2.1.2 Jurnal ke dua berjudul Faktor Penyebab Kematian Bayi Di Kabupaten Sidoarjo:
·         Pembahasan
1. Faktor Ibu
            Kematian bayi yang terjadi di Kabupaten Sidoarjo sebagian besar dimiliki oleh ibu yang dapat dikatakan sebagai umur aman dalam kehamilan yaitu antara umur 21-34 tahun dan paritas yang cukup. Pada umur aman untuk kehamilan dengan paritas yang cukup ternyata ada suatu fenomena yang melatarbelakangi kejadian suatu penyakit yang secara tidak langsung mempengaruhi kondisi bayi, salah satunya riwayat kesehatan ibu yang lalu (misalnya alergi, hipertensi, dll) dan riwayat keluarga (misalnya hipertensi, diabetes, riwayat keturunan kembar,dll).

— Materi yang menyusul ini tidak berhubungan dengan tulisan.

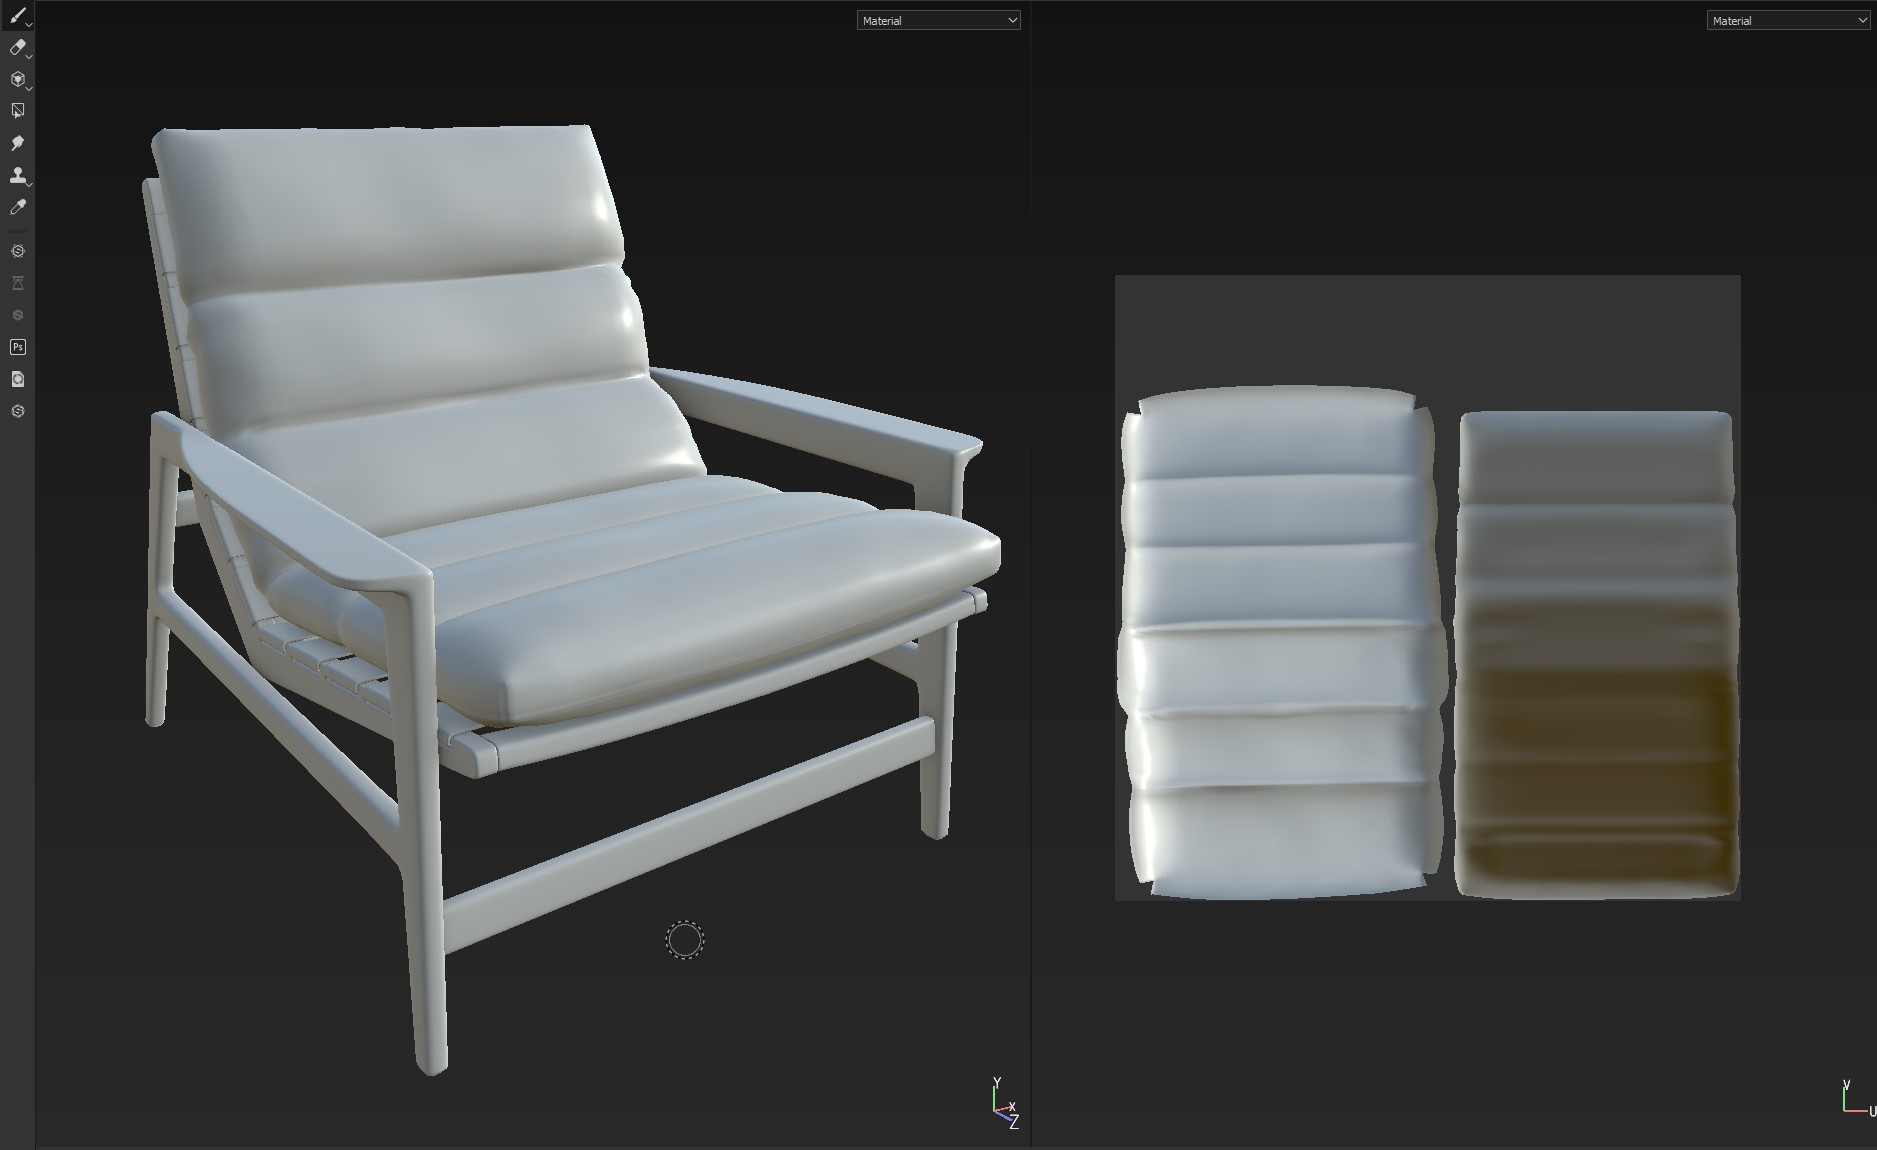 Texturing and Material Application to a 3D Model

            Selain itu ada faktor yang diluar kondisi ibu saat hamil yang kemungkinan bisa mempengaruhi kondisi bayi, diantaranya beban fisik, konflik keluarga, masalah ekonomi, serta kurangnya perhatian dan kasih sayang dari keluarga. Disatu sisi, banyak bayi yang lahir prematur dan bahkan BBLR.
            Dalam penelitian ditemukan bahwa sebagian besar jarak kelahiran kurang dari 2 tahun. Dengan jarak kelahiran yang kurang dari 2 tahun, kesehatan fisik dan rahim ibu masih butuh cukup istirahat dan ada kemungkinan ibu masih menyusui. Adapun hal yang melatarbelakangi mengapa ibu hamil dengan jarak kurang dari 2 tahun, antara lain suami ingin segera mempunyai keturunan lagi dan adanya riwayat abortus. Penelitian ini sejalan dengan hasil penelitian di Naragwal, India Utara. Hasil tersebut menunjukkan bahwa kematian neonatal dan kematian bayi tertinggi terjadi ketika jarak kelahiran kurang dari 1 tahun (Istiarti, 2000).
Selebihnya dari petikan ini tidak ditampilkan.